§ **Work to complete**
This exercise calls for an exact copy of the listing, with no pictures kept.

───── Source data

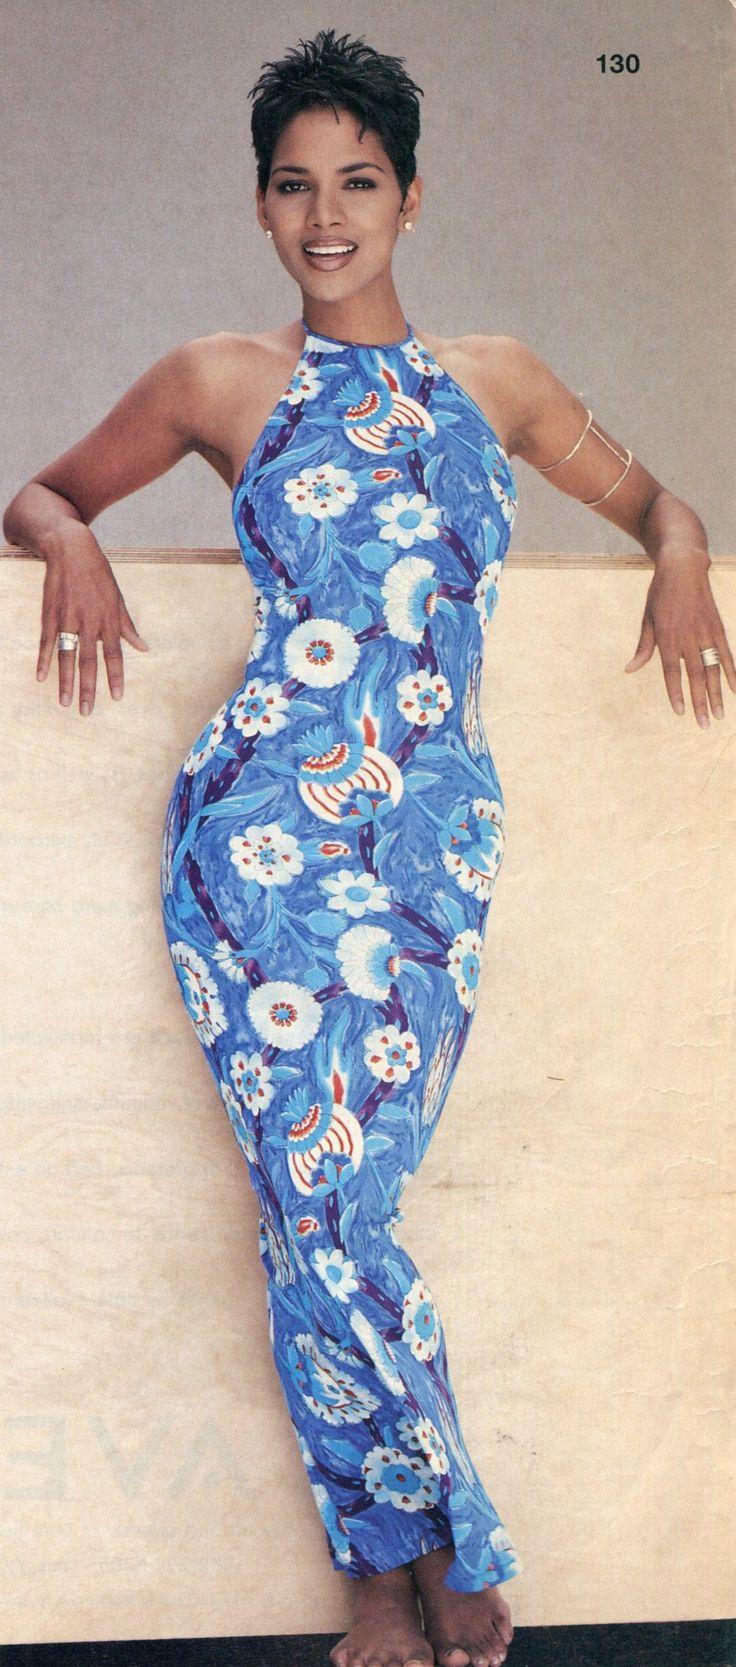 Pixie cut - Halle Berry
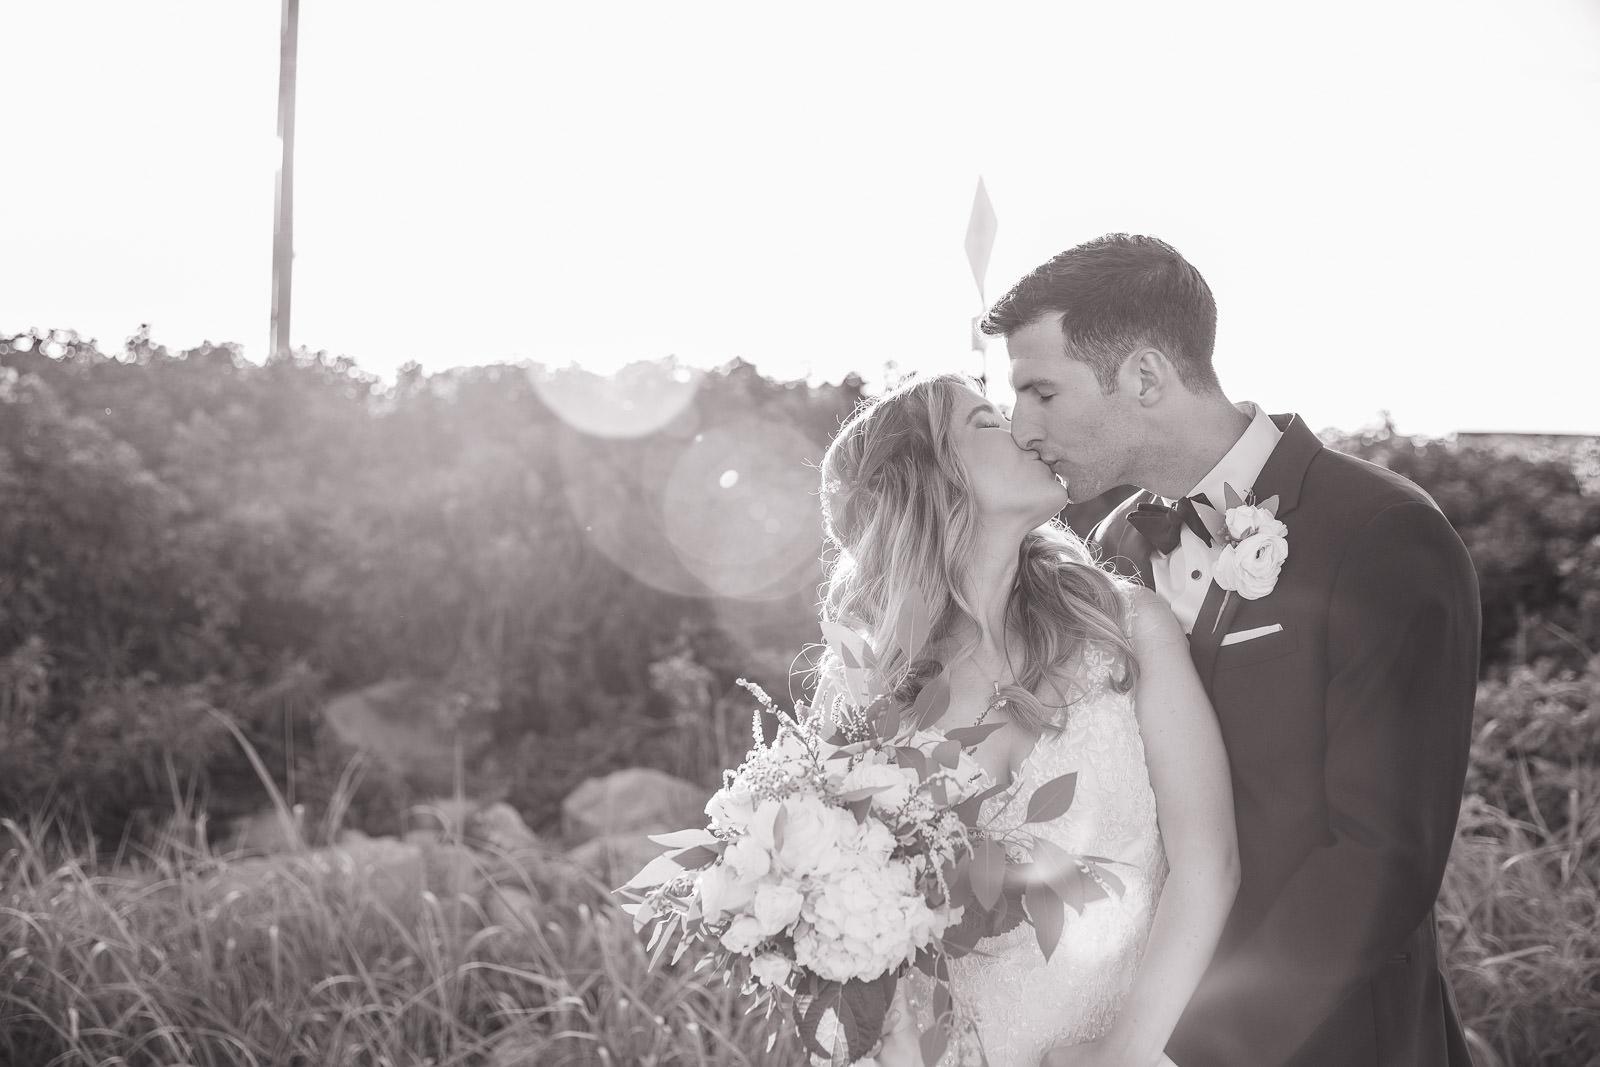 Wedding, Narragansett Towers, The Towers, Narragansett, Rhode Island, RI, Tracy Jenkins photography, RI wedding photographer, Rhode Island wedding photographer, bride, groom, sunset photos, couple photos
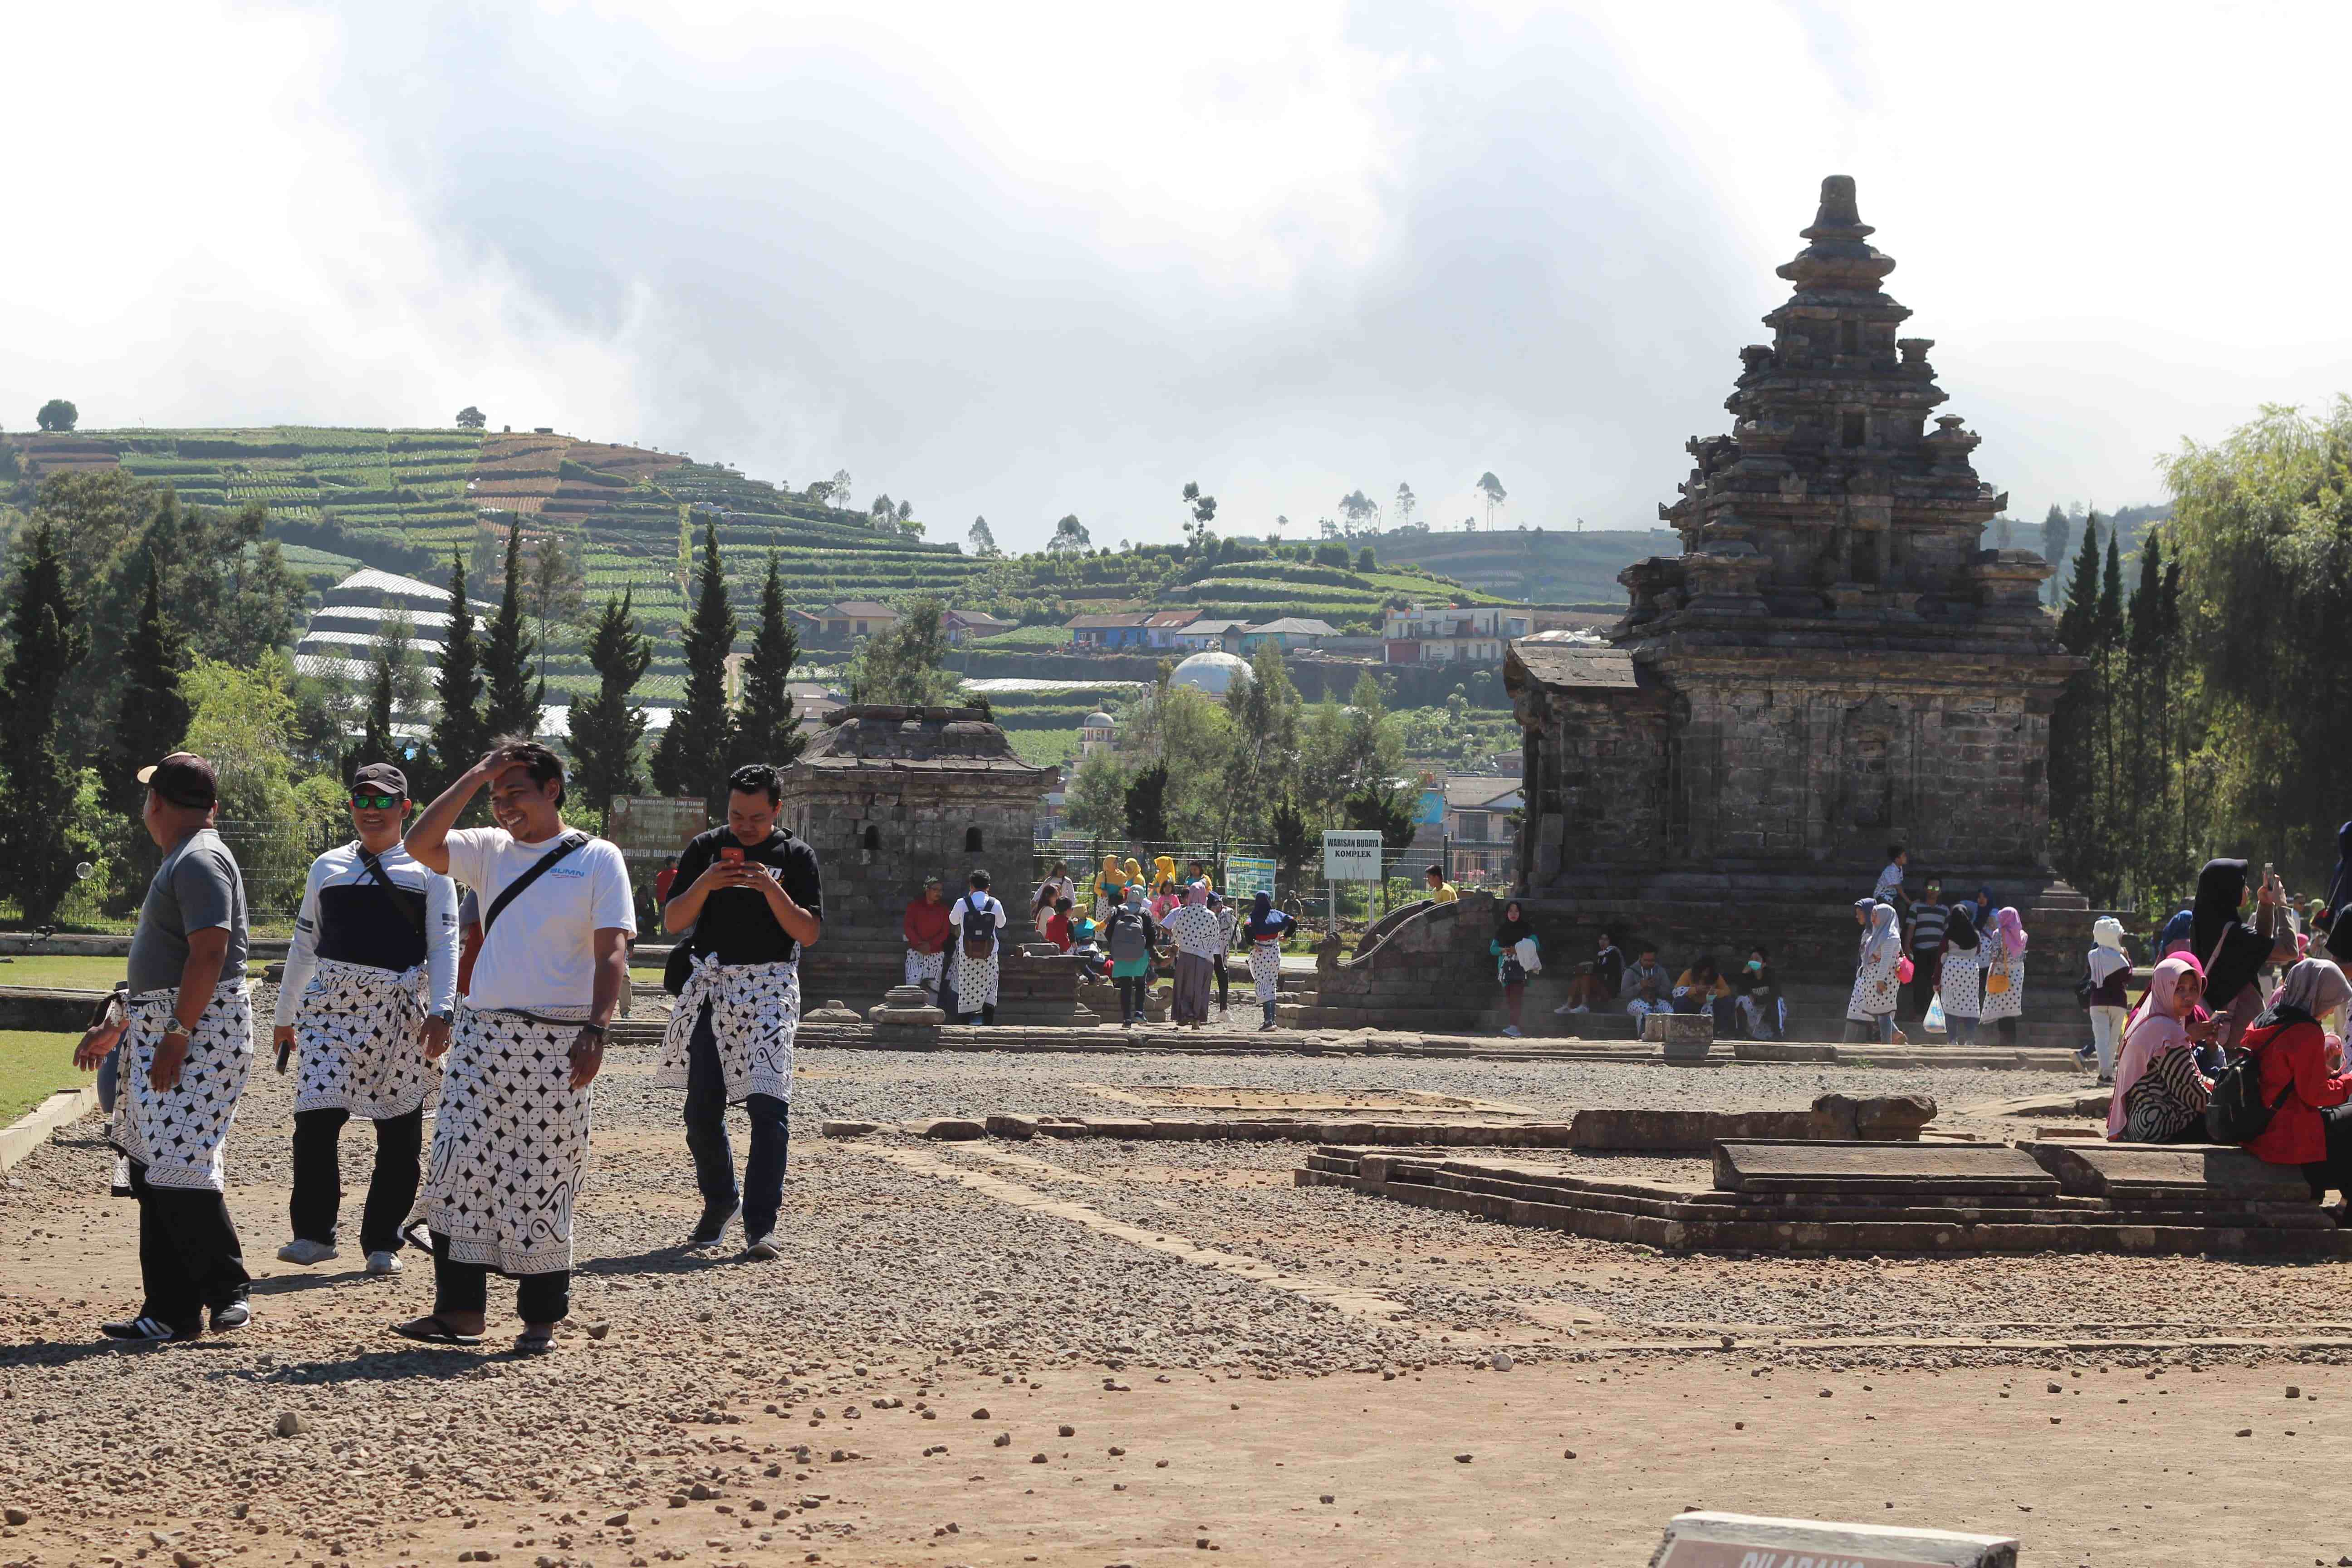 Kawasan wisata Candi Arjuna Dieng merupakan peninggalan kerajaan Hindu Budha tempo dulu

──────────

§ **Solution to this problem**
 Pixie cut - Halle Berry
 Wedding, Narragansett Towers, The Towers, Narragansett, Rhode Island, RI, Tracy Jenkins photography, RI wedding photographer, Rhode Island wedding photographer, bride, groom, sunset photos, couple photos
 Kawasan wisata Candi Arjuna Dieng merupakan peninggalan kerajaan Hindu Budha tempo dulu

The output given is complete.